今までにない時代劇を描こうとして始まった、、、と勝手に推測するこの「化粧師」。 設定の新しさを始めとして、この作品には、多くの試みを感じることが出来ます。
まず主人公のデザインですが、丁髷ではありません。残バラでもなく、セミロングヘア ―です。 この作品を描いた時代より、21世紀の現代の方が、オシャレに感じるような無造作ヘアー。いつも思うのですが、先見の妙がありますね。 それでも顔に印象を与えるように、剛毛の眉毛が、二手に分かれて、跳ねあがっているのです。

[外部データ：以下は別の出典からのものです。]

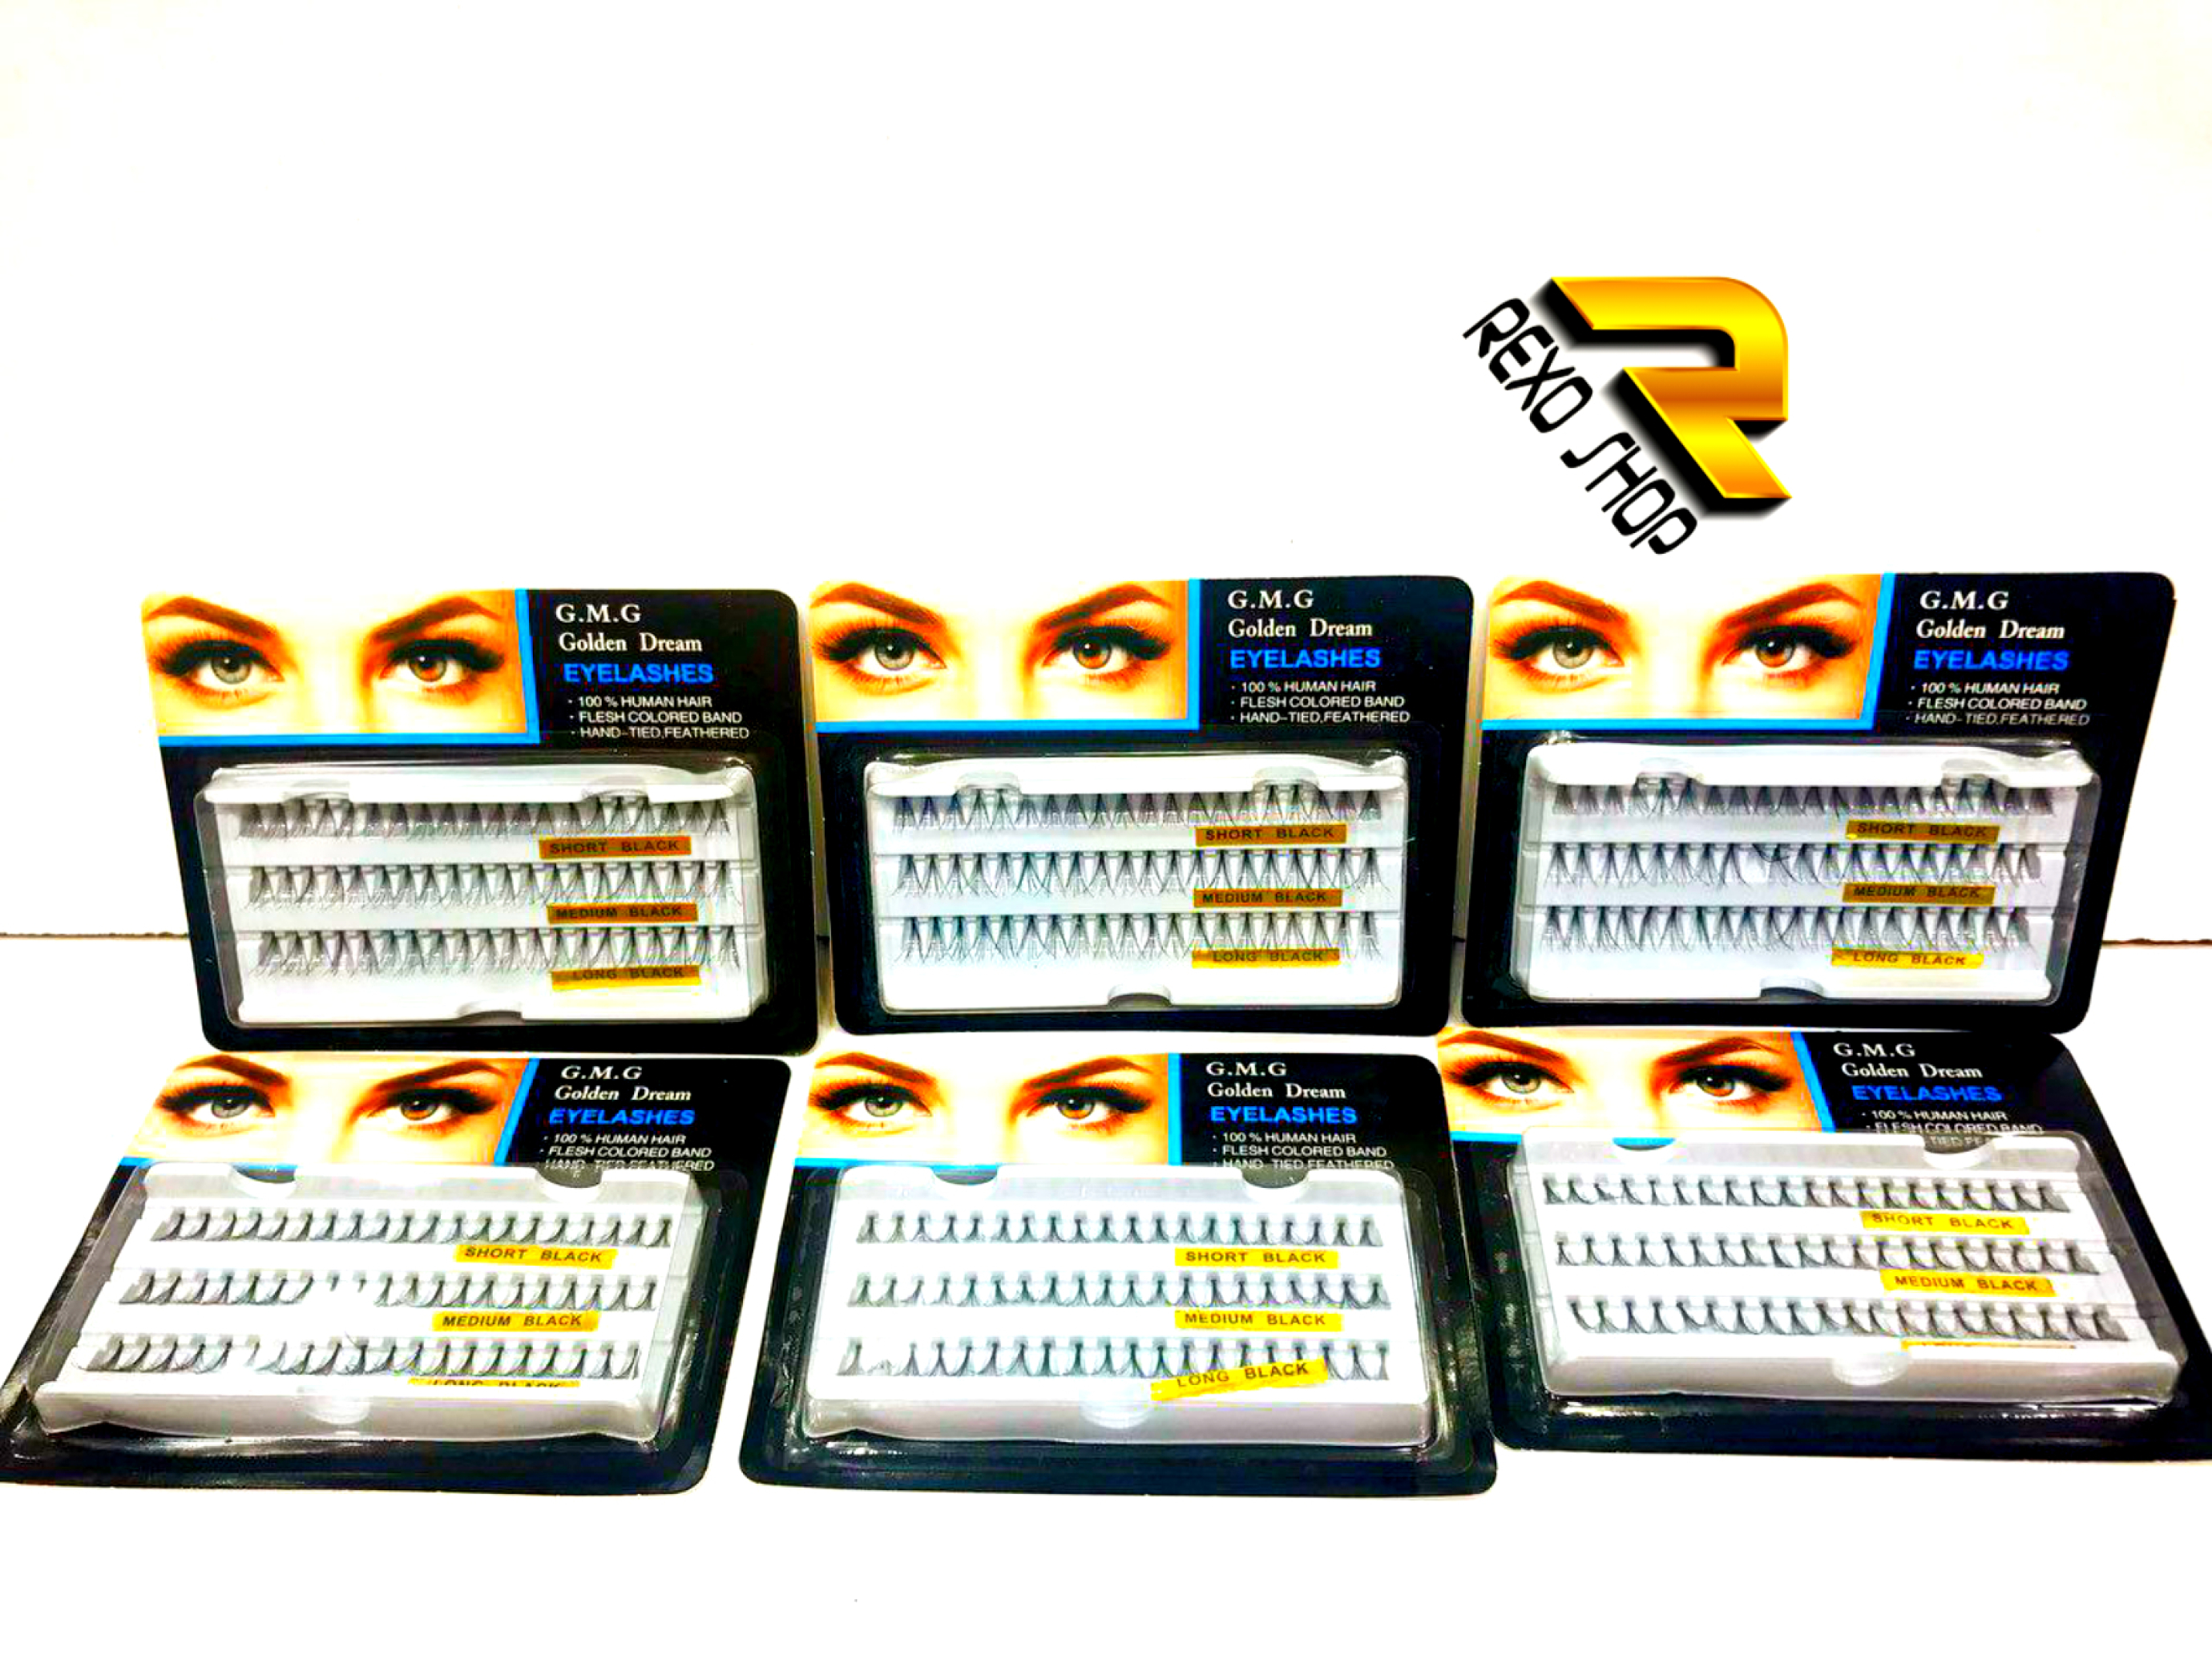  مژه مصنوعی Golden Dream در سه سایز مختلف یکی از بهترین ابزار آرایش چشم است که با قیمتی ارزان در رکسوشاپ موجود است

例えば、「サイボーグ 009」の009や002のヘアースタイルだって、萬画だから成り立つし、あの髪型の強烈な印象があるから、 その人物が色濃く記憶に留まるのだと思います。それを考えると、化粧師の小三馬の顔は、この眉毛のインパクトでしょうね。 そのうえ、よーく見てみると、右眉毛の、二股の間に黒子があるのです。 色気を出すなら、顎か目尻の下とか、置く場所はあるかと思うのですが、この眉毛に黒子というのが、作者の他人とは違うセンスを感じます。

それと、作品を読み進めていくと、日本語のルビに片仮名の和製英語を多用していることも、今までの時代劇萬画ではお目にかかれない新しい試みだと思います。 自分の中で記憶が定かではないのですが、かつて作者はこう語っておりました。 「佐武と市捕物控」では、意図的に江戸や建造物、人物などを遠くからの目線で描く、俯瞰図を多用してるけど、この「化粧師」か「さんだらぼっち」か定かでは ないのですが、このどちらかの作品では、逆に人間目線の平面的な絵やアップの構図を意識して多用している、と。
その言葉も思い出しながら読みましたが、多分その試みは、この「化粧師」だと思いますね。 江戸の世界というより、人間を描こうとしている意図がはっきり見えます。 それと、明らかに現代と照らし合わそうとする気持ちも強く感じます。
化粧師のなかに「夜叉姫」という話があるのですが、売れない売春婦を、仕事場の家から、化粧まで一気に変えて、超売れっ子にする物語。 そのメイクが、ニューヨークのモデルでも通用しそうな奇抜なメイクとヘアースタイル。 着物の着せ方も、貧しさを逆手にとって、所謂、BORO Fashionに仕立て上げる。
この物語は、化粧師の初期の作品の中で、最もテーマが明確に現れた、そして、江戸時代のビジネス萬画だと称されることが理解できる、秀逸作品だと思います。